Beinish, Arbel, and Meltzer rejected the Israel Fencing Association's request to remove the interim order issued last year to ensure that competition organizers allow religious competitors to participate in national championships without breaking Shabbat.

 

The court proposed that the two sides reach an agreed upon solution or that the issue be arbitrated in the Israel Sports Association court, but refused in any case to remove the order before a compromise is reached.

 

Israel Fencing Association representative, Attn. Adi Wasser in response committed that a solution will indeed be found for the complete integration of religious competitor Freilich into the national championships, slated for April 25.

 

Attn. Dr. Aviad Hacohen, dean of the Sha’arei Mishpat Academic College, who represented Yuval Freilich in the case, said to Ynet, "I praise the decision and hope that all involved in the issue will indeed display good spirit to reach a solution to the problem in a manner that does not compel religious athletes to desecrate Shabbat or turn them into second class citizens in the Jewish state."

 

Freilich, a resident of Jerusalem, is an observant Jew who has studied in the religious school system since childhood. Yuval currently holds the national fencing champion title in the 13 and under category.

 

According to him and his father, who issued the petition, the sport of fencing as it stood prior to the interim order discriminated against observant athletes as some of the decisive tournaments in the sport are held on Shabbat and holidays.
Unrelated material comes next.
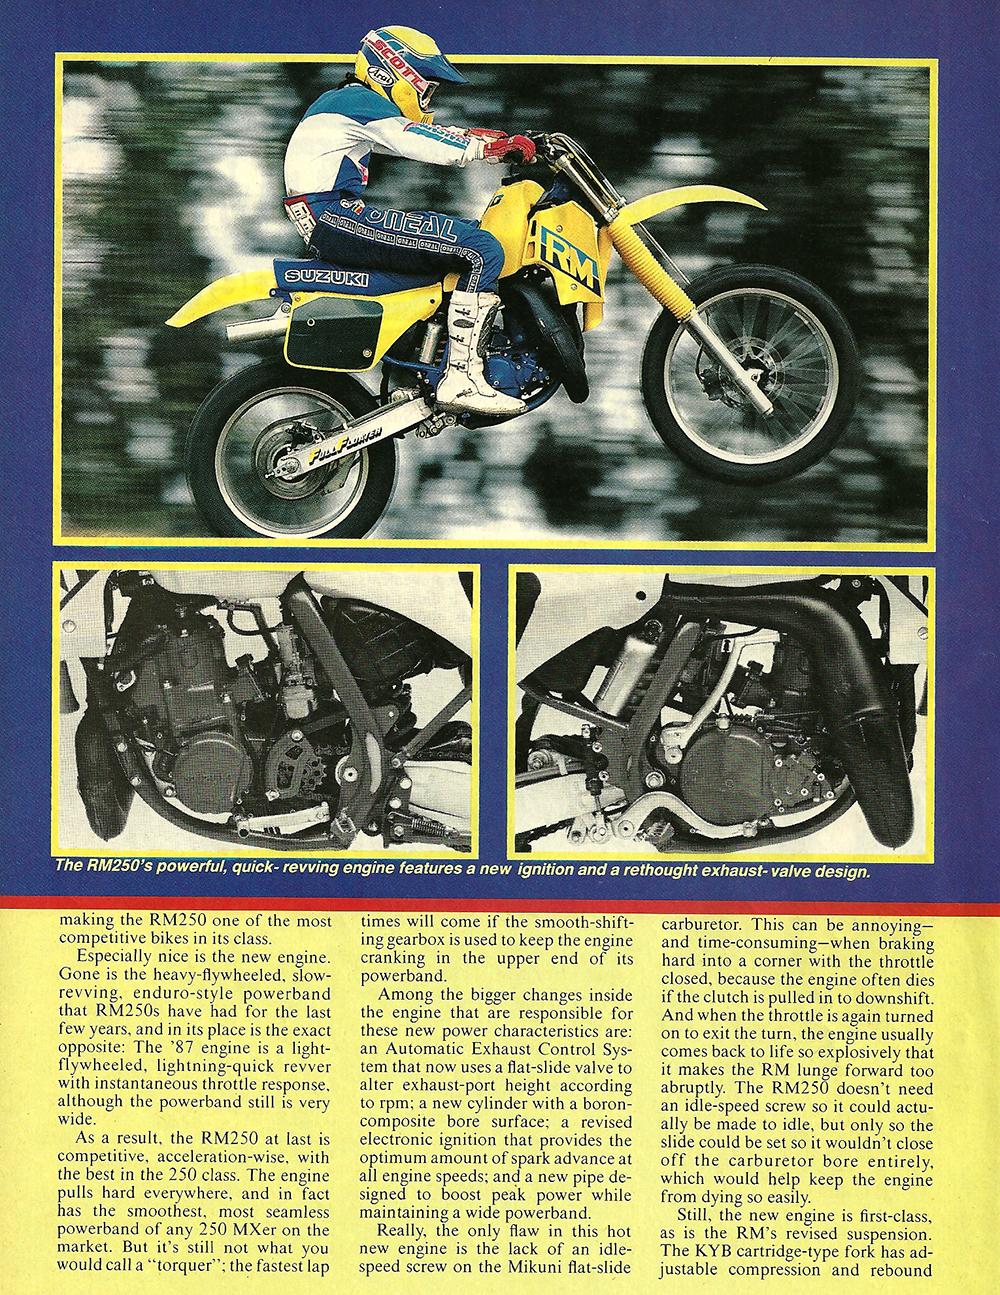 1987 Suzuki RM250 road test 03.jpg

Freilich petitioned the court, and Justice Hanan Meltzer issued an interim order forbidding that tournaments be held on Shabbat.

 

Meltzer noted, "This interim order will be null and void if the necessary arrangements are made in order to allow the youth to participate in tournaments at the conclusion of Shabbat or if his participation in the Israel national team abroad is ensured in accordance with his achievements thus far and with consideration that his right to compete was disqualified (by ensuring a technical win in matches in which he was blocked from taking part)."